Ticino: presenze d’arte, mostra collettiva degli artisti Nando Snozzi, Gianluigi Susinno e Andreas Oesch. Inaugurazione, sabato 11 febbraio 2012 a partire dalle 15.00. Chiusura. domenica 1 aprile 2012. Entrata libera.
Una mostra molto coinvolgente in una galleria – la più recente d’arte contemporanea internazionale nel cuore di Ascona – altrettanto coinvolgente, oltre che stravagante e innovativa. Un connubio che merita d’essere visitato.
Cliccate sull’immagine (Andreas Oesch, Verzasca 33, tecnica mista su tela, cm.80×80) per visitare il sito web di Acquestarte e conoscere ogni dettaglio utile sull’evento.
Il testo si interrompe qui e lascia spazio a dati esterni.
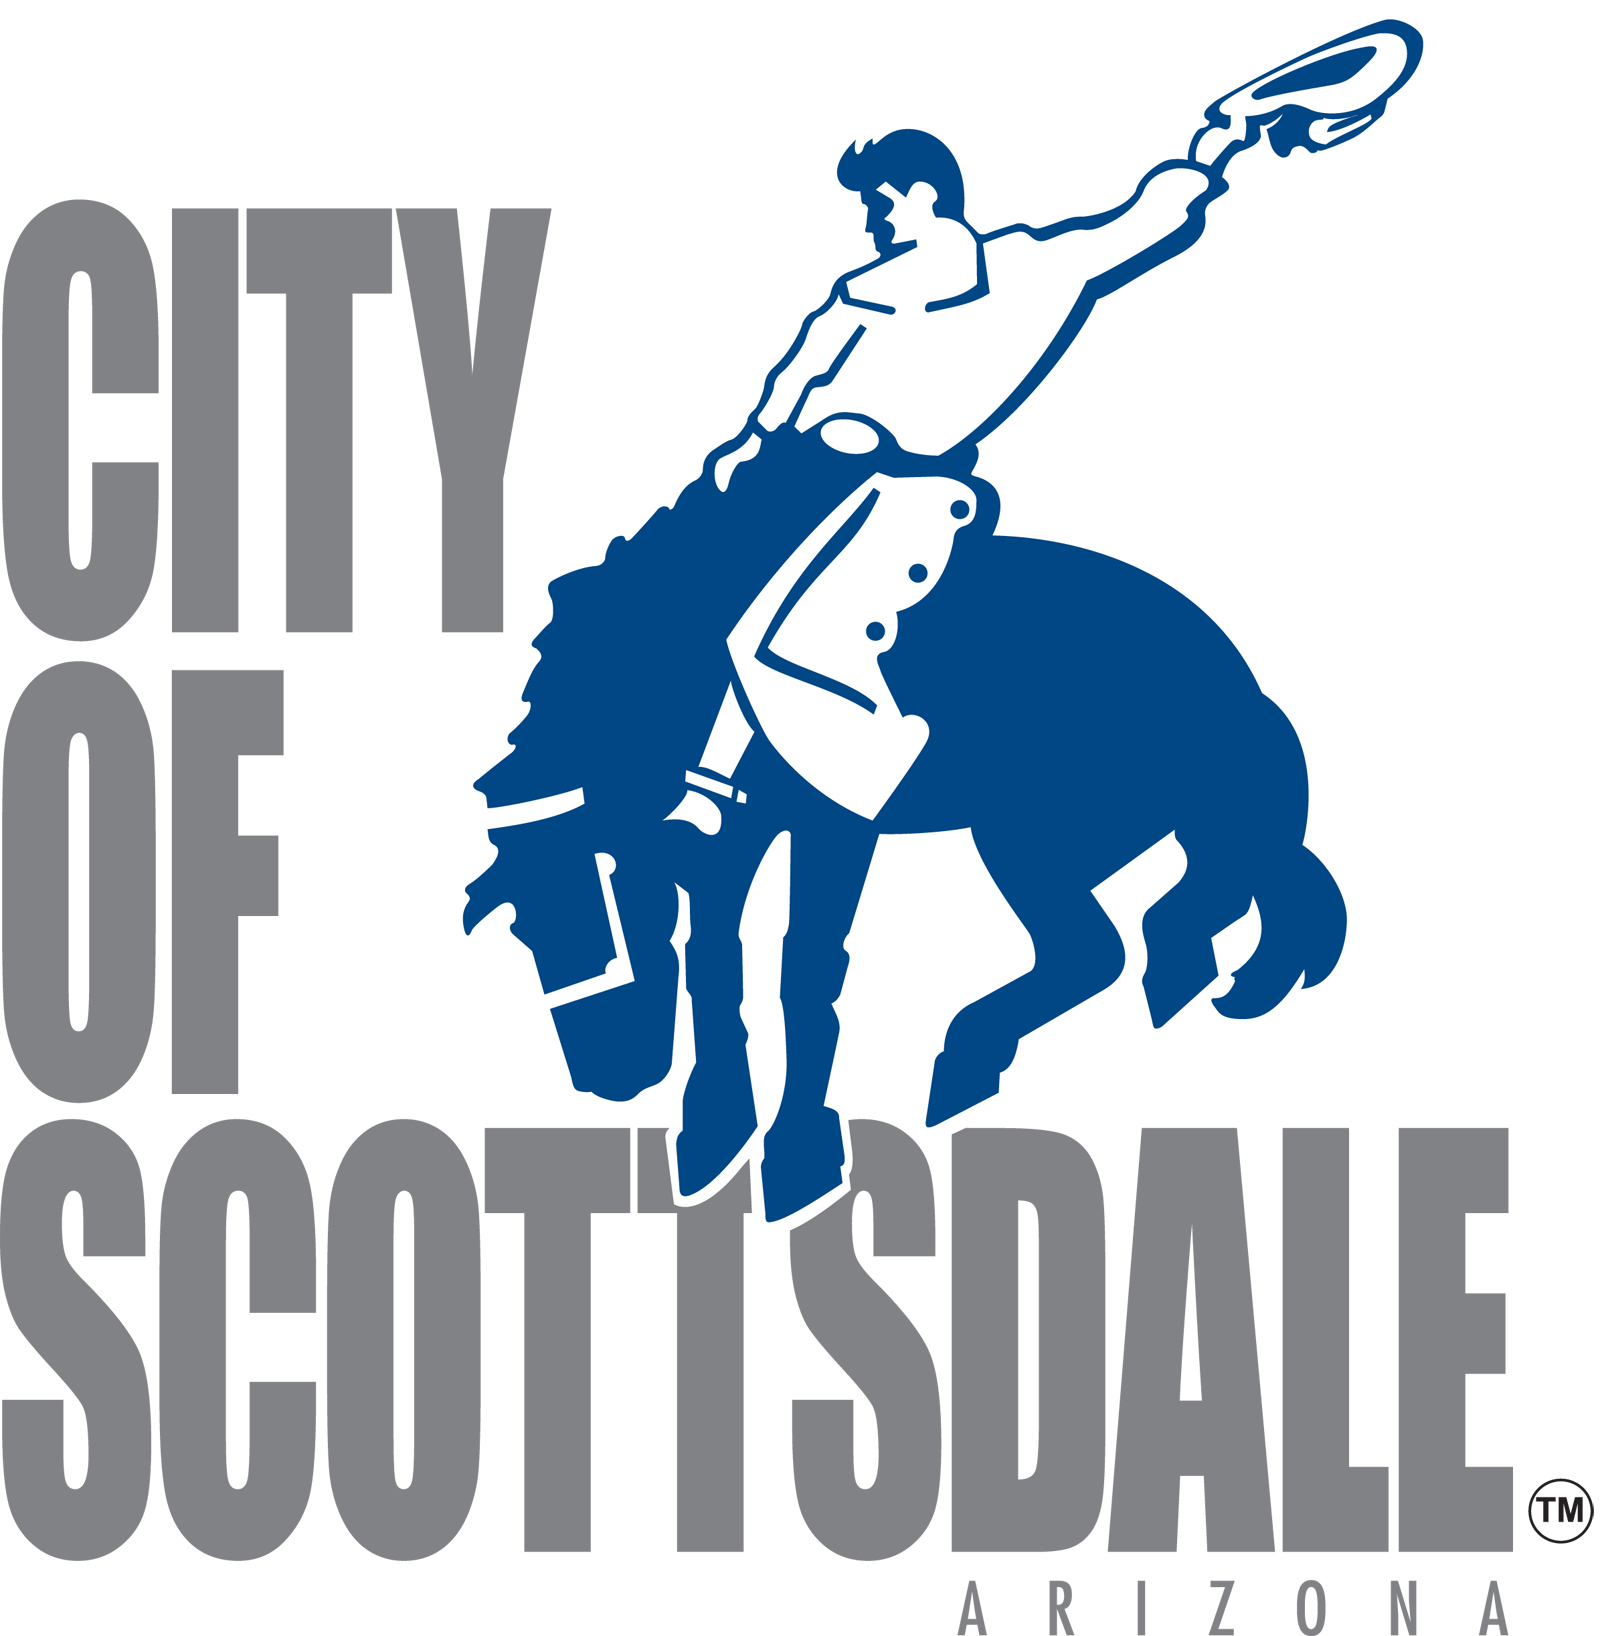 City of Scottsdale Logo with Horse and Rider

“Innamorati dell’Arte”. Evvivanoè Esposizioni d’Arte, Cherasco, dal 9 al 24/02/12

Il titolo, riecheggiando la festa di San Valentino che caratterizza il mese di febbraio, è stato lasciato volutamente senza accento: da un lato, infatti, si riferisce a tutti noi che siamo innamoràti dell’Arte; dall’altro è un invito a innamorarsi delle cose artistiche, del bello. Questa mostra dà l’occasione per riaprire dopo la pausa invernale con un allestimento vivace e allegro, nel quale nuove ceramiche di Campi e Voghera e di Tirassa si accostano alle creazioni in carta di Fissore, le recenti opere “Corazon” di Coco Cano dialogano con i personaggi in cerca d’amore delle xilografie giapponesi di Cozzolino; le vanitose borsette di Ipazia dallo stile retrò si alternano ai quadri dal tratto contemporaneo di Mirandola. Il tutto in una vera e propria festa dell’Arte, ricca di gioia, che vuole in qualche modo annunciare la Primavera che si spera non tardi ad arrivare.
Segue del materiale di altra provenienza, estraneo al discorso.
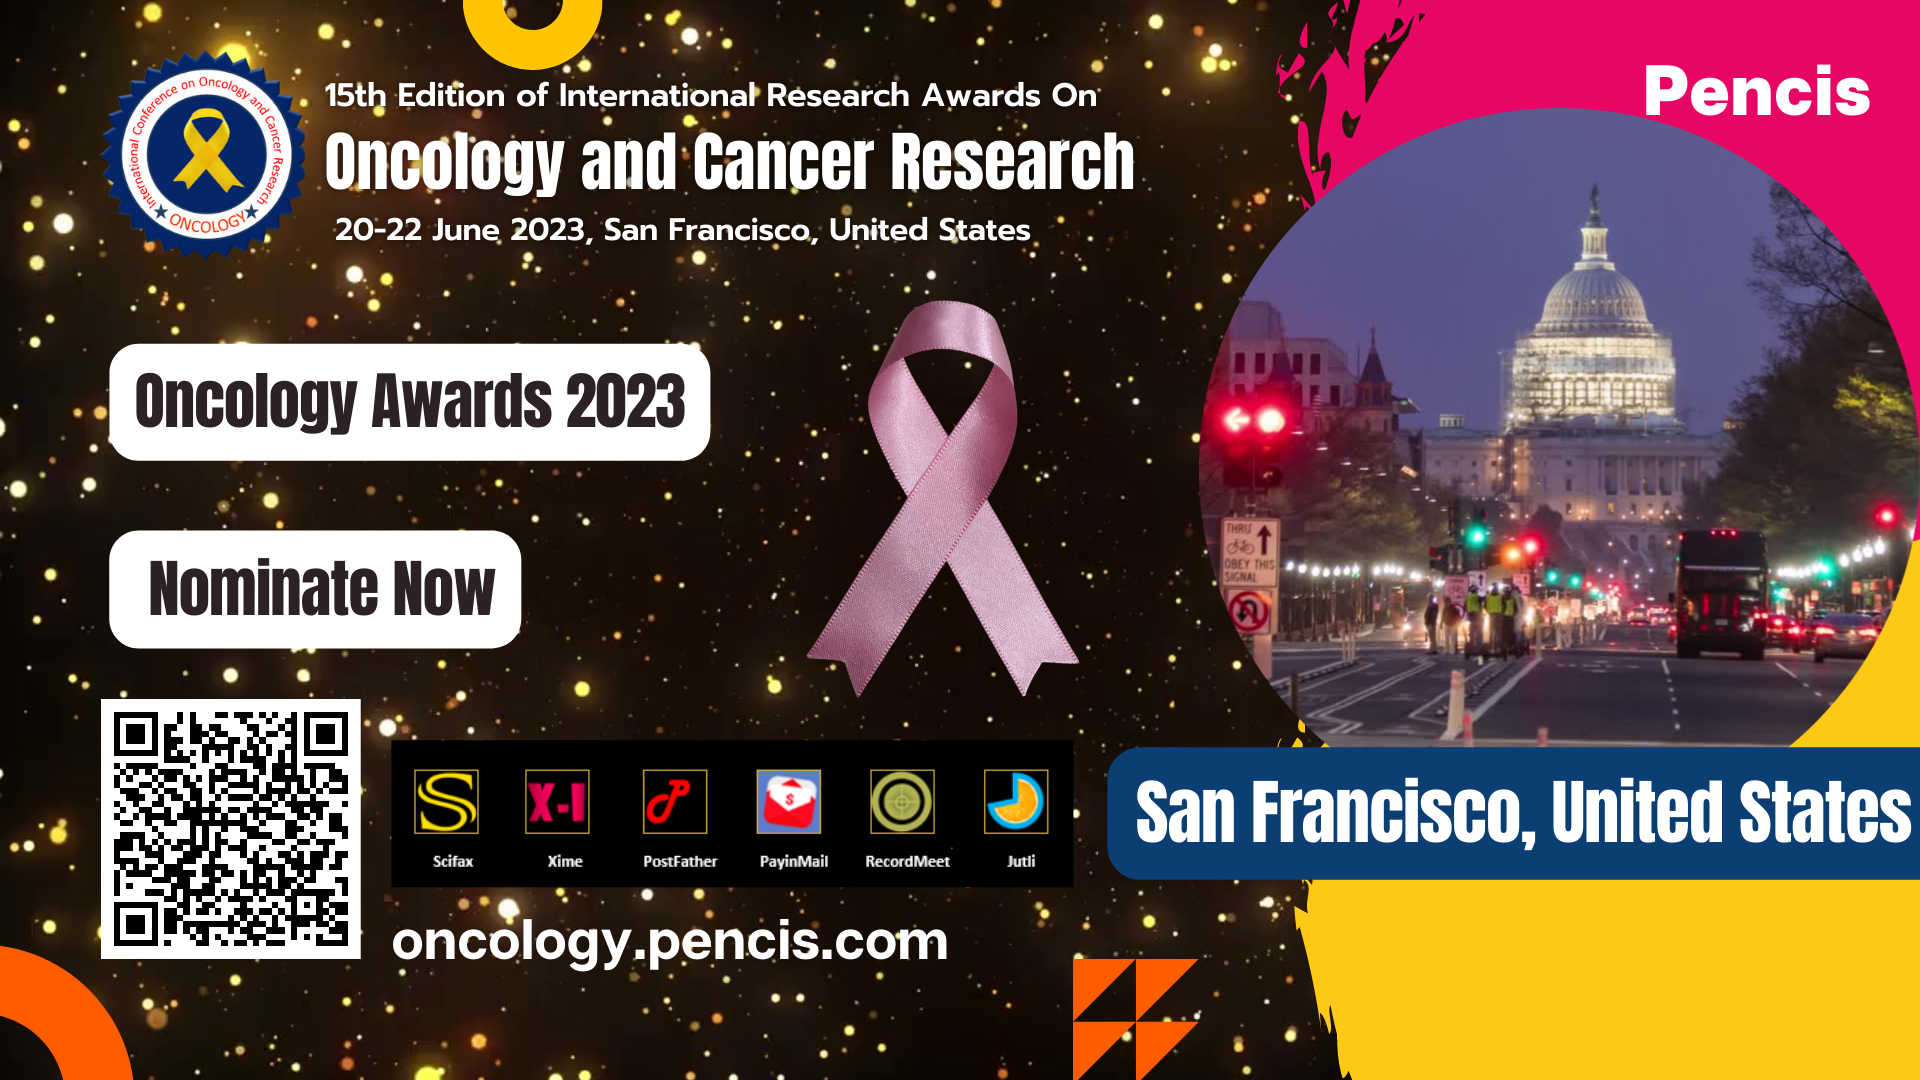 International Conference on Oncology and Cancer Research, San Francisco, United States, United States

Dal 9 al 24 Febbraio 2012 presso Evvivanoè Esposizioni d’Arte, Cherasco, Cuneo.
Cliccate sull’immagine (Coco Cano, Corazon) per visitare il sito web della galleria, ed avere ogni ulteriore dettaglio sull’evento.
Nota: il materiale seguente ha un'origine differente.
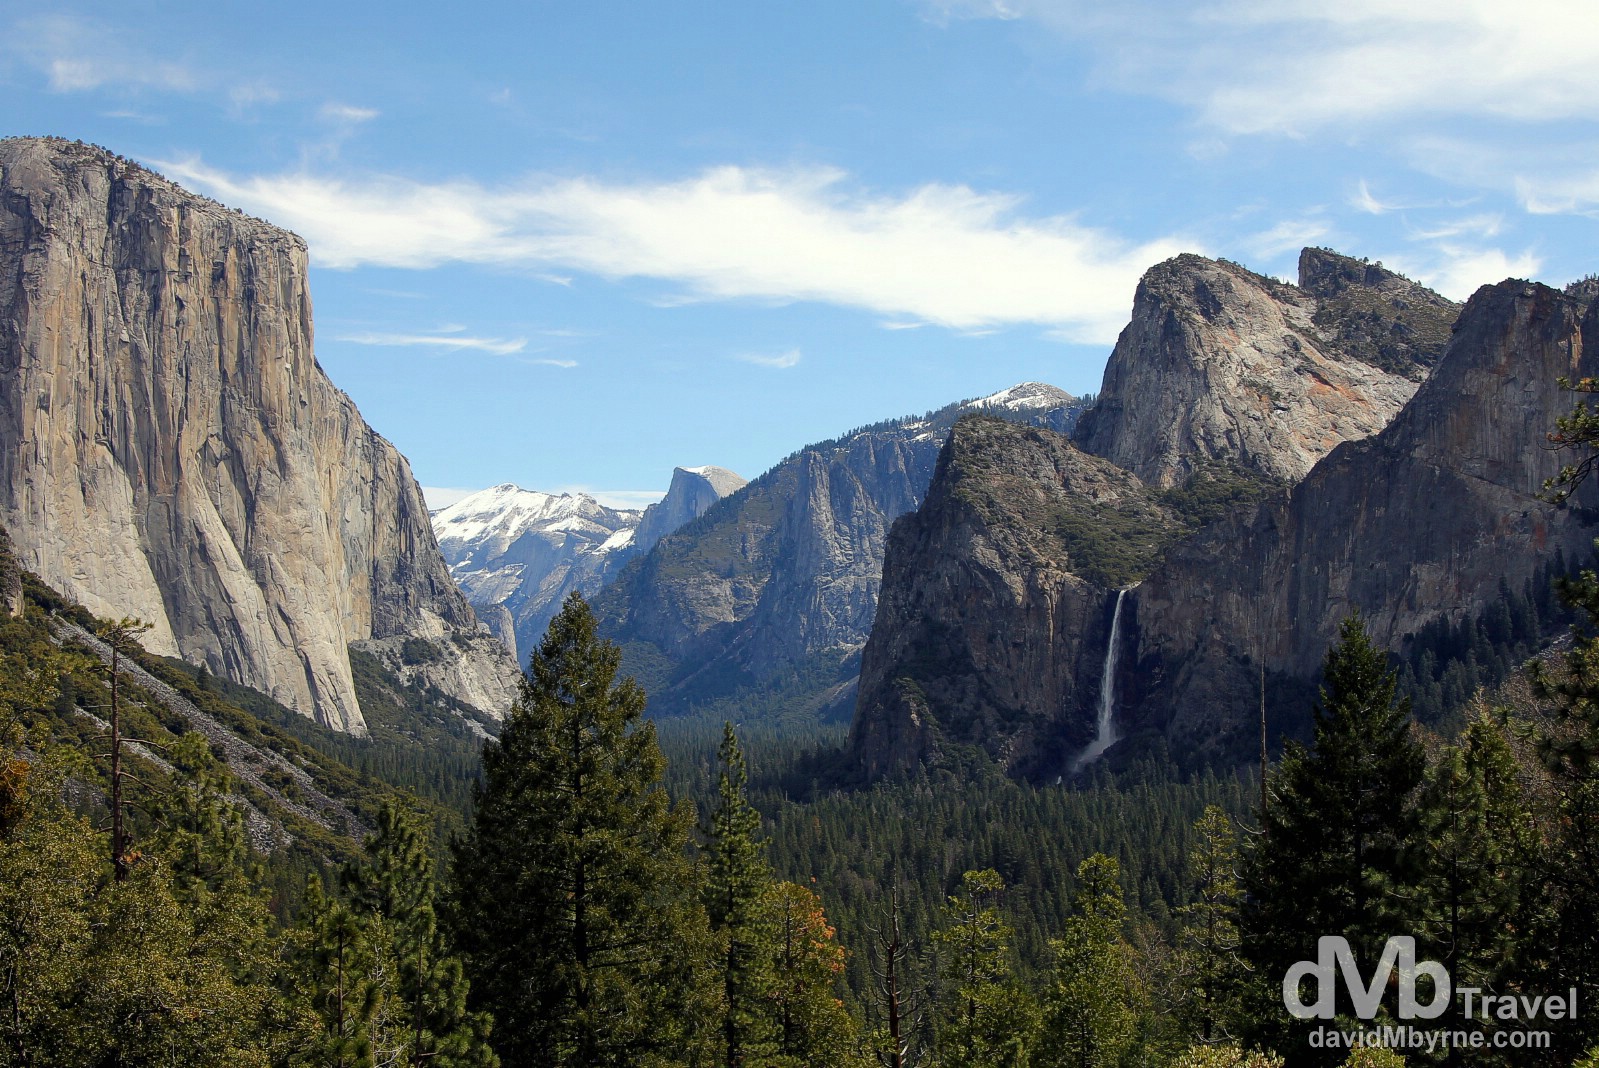 Yosemite Valley as seen from Tunnel View. Yosemite National Park, California, USA. April 2nd 2013.

Constant Dullaart, web-artista sovversivo

Constant Dullaart è un giovane artista olandese (è del 1979) il quale, dopo un inizio di ricerca artistica fondata sul video, si sta distinguendo per la sua opera di reinterpretazione, modifica e sotto molti aspetti di sovversione dei linguaggi, degli stili e degli “status symbol” di internet.
Ottimo esempio di tale suo lavoro è fornito dalla serie di “opere” on line con le quali gioca sulla struttura classica e istituzionale di Google, sovvertendone la sicura plasticità con intuizioni tanto semplici quanto significative e divertenti, ma anche capaci di far riflettere sul senso e sul valore della presenza della rete e dei suoi capisaldi nel nostro vivere quotidiano contemporaneo. Se cliccate sull’immagine qui accanto, capirete bene ciò che voglio dire (ma guardate anche qui o qui. E sul web ne trovate altre…).
Non oso dire che questa sia arte nell’accezione solita, ma di sicuro la sua visualità attrae l’attenzione e dona interessanti spunti di riflessione, ovvero ciò che l’arte contemporanea può e sa fare.
Dategli un occhio, credo ne valga la pena.